We grade every program that opens a network connection — from its fingerprint, never the file itself. “Clean” means independent sources agree; “risky” means we can show you why.

Why it works this way: we know the good, so we can focus on the suspicious. Almost everything on a normal computer is ordinary, legitimate software. The agent recognizes the millions of known programs instantly and spends its attention on the small handful of unknowns actually running on your machines — no wasted alarms on the software you use every day.
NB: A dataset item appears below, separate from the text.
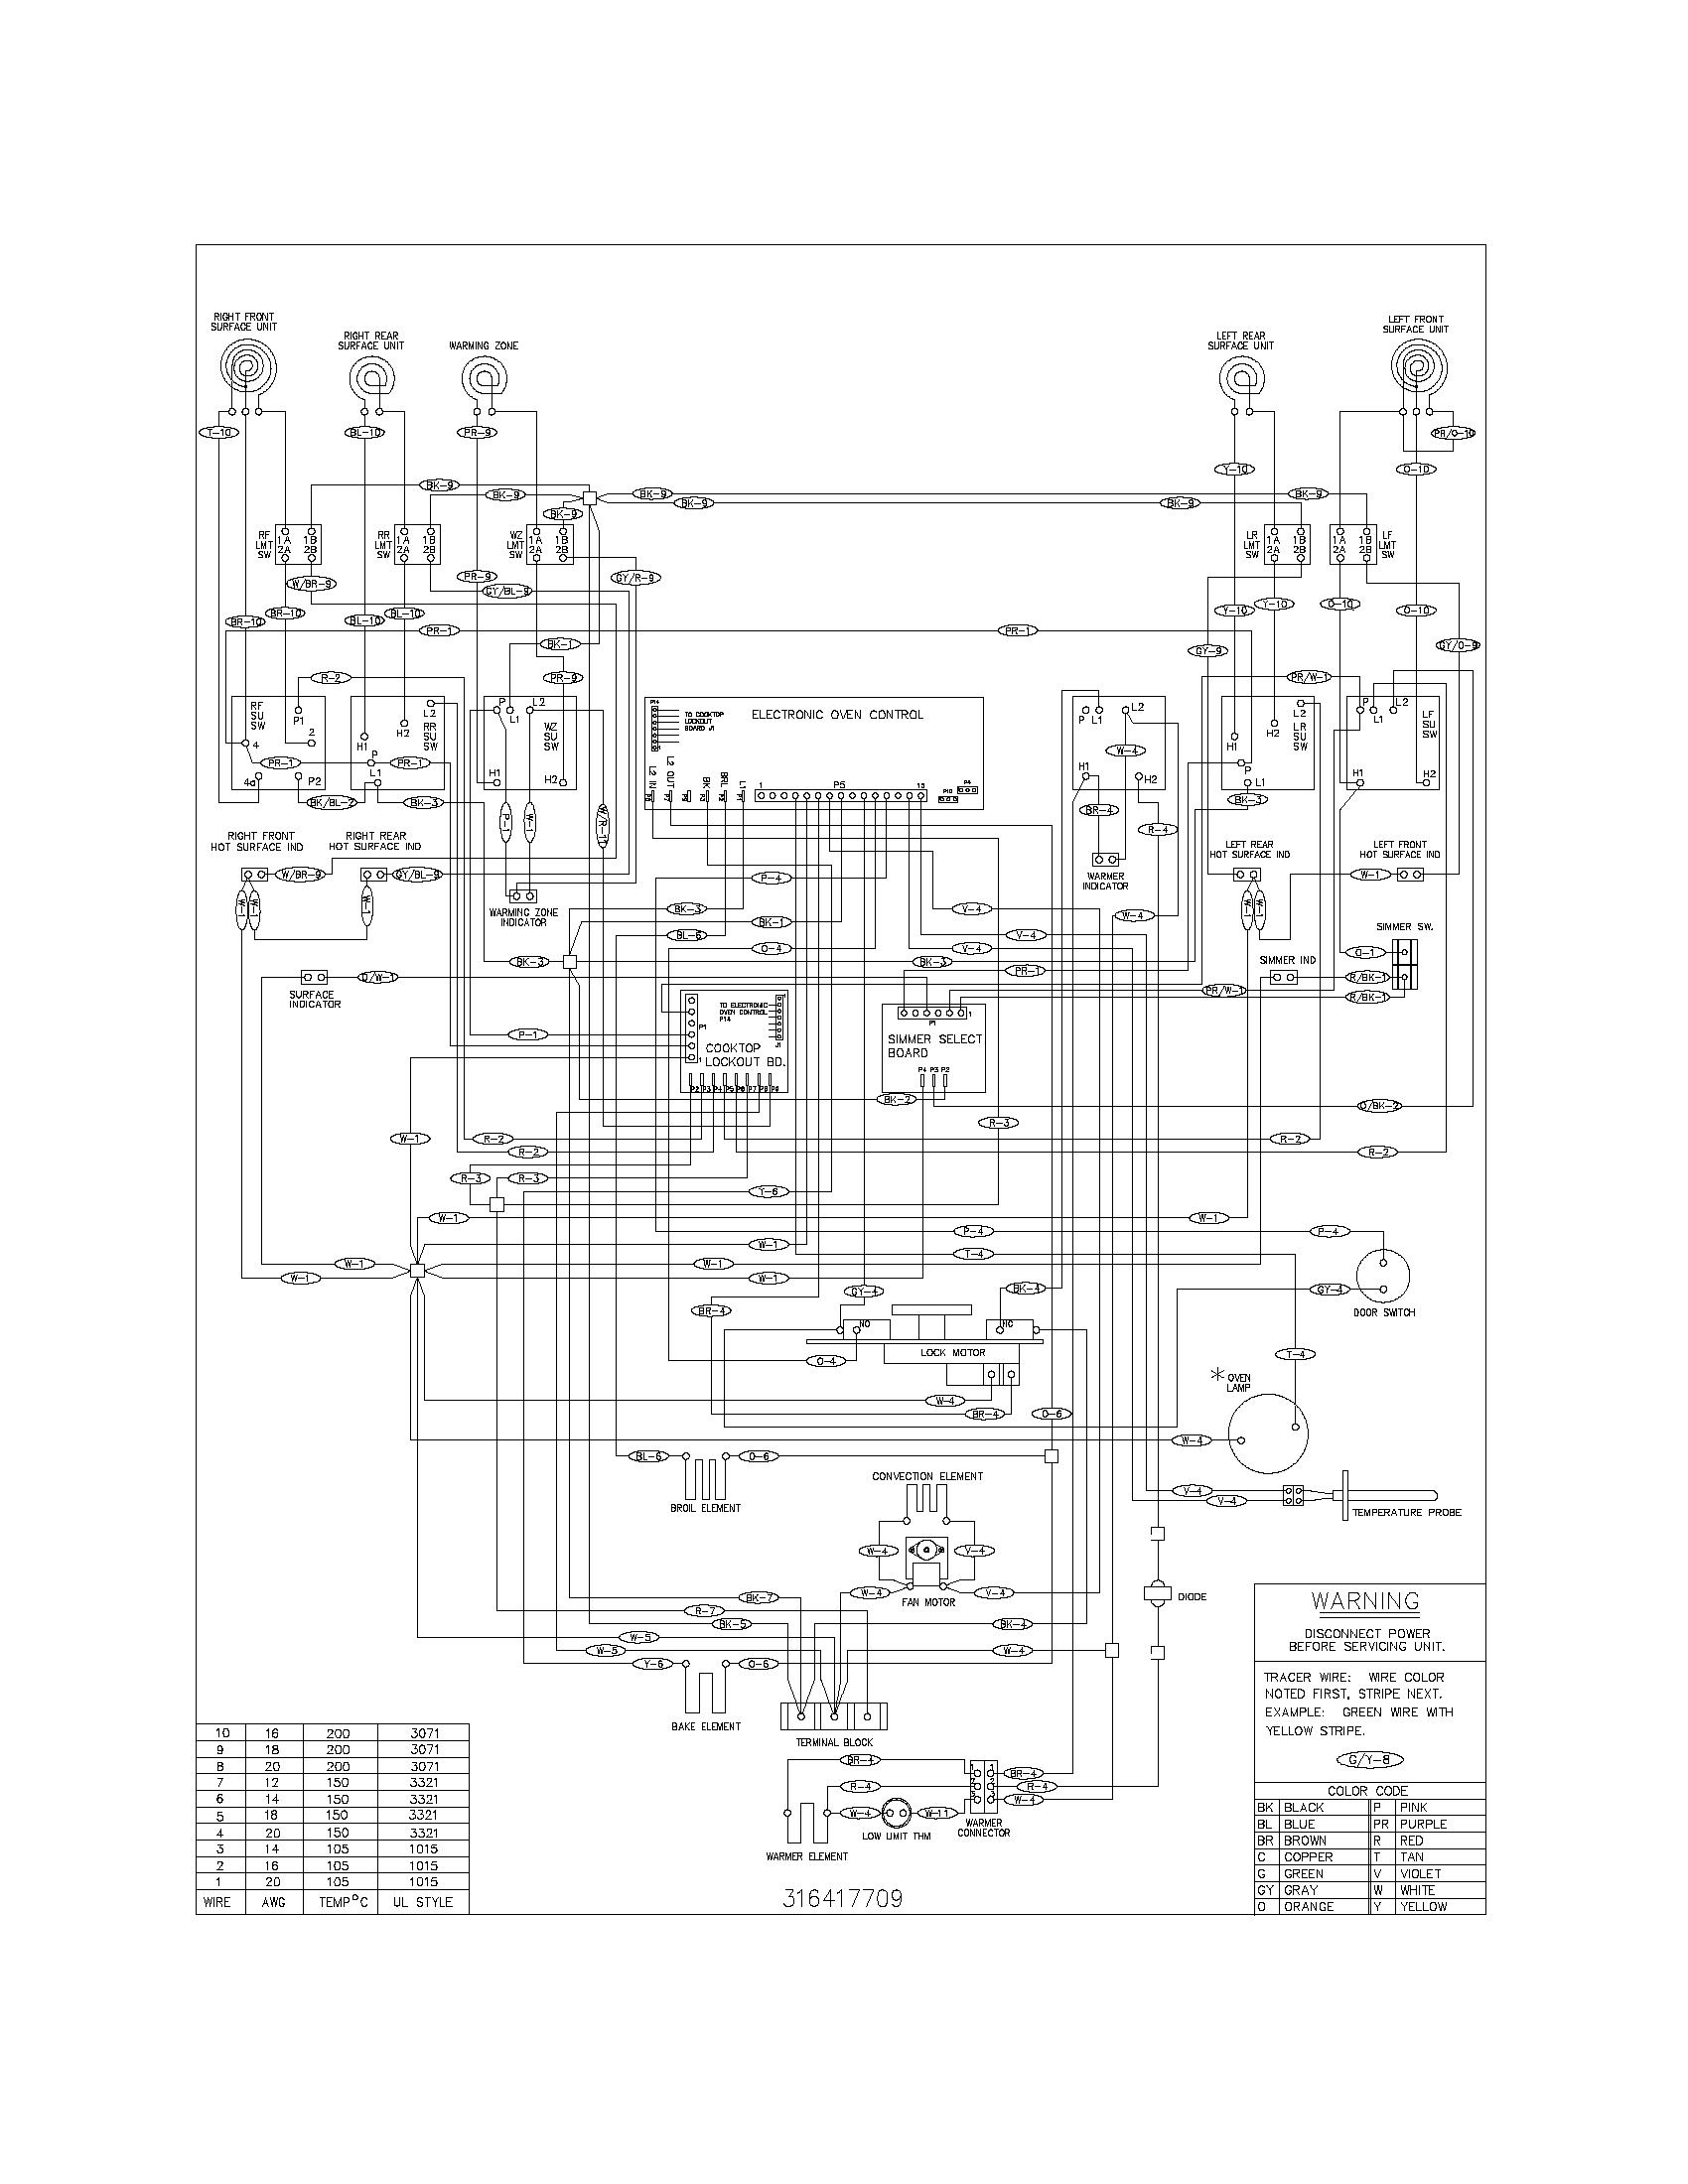 Maytag Mde26csacw Wiring Diagrammde Diagram Parts List For Model Mde2400ayw Maytagparts Dryerparts Partsresize

And it doesn’t judge a file on one quick look. Each unknown gets a full background check — who made it and whether the signature is valid, whether it’s a known legitimate program, whether it’s on any threat list, whether it matches the patterns of known malware families, and whether it’s a version with a hole attackers are exploiting — combined into one number, fully explained. No mysterious verdicts.

On this page

1. Hash-only — the file never leaves your machine 2. The evidence cluster — corroboration, not one opinion 3. Published vulnerabilities (CVEs) 4. Known-exploited (the red KEV chip) 5. YARA + ClamAV — and the false-positive discipline 6. The single verdict — how the signals combine

1. Hash-only — the file never leaves your machine

When the agent sees a program make a network connection, it computes a SHA-256 hash — a 64-character fingerprint that can’t be reversed back into the file — plus a little metadata the operating system already exposes (the publisher on the code signature, the owning package and version). That fingerprint is what we look up. The binary itself never leaves the endpoint. Two machines running the same program produce the same hash, so one lookup answers for the whole fleet.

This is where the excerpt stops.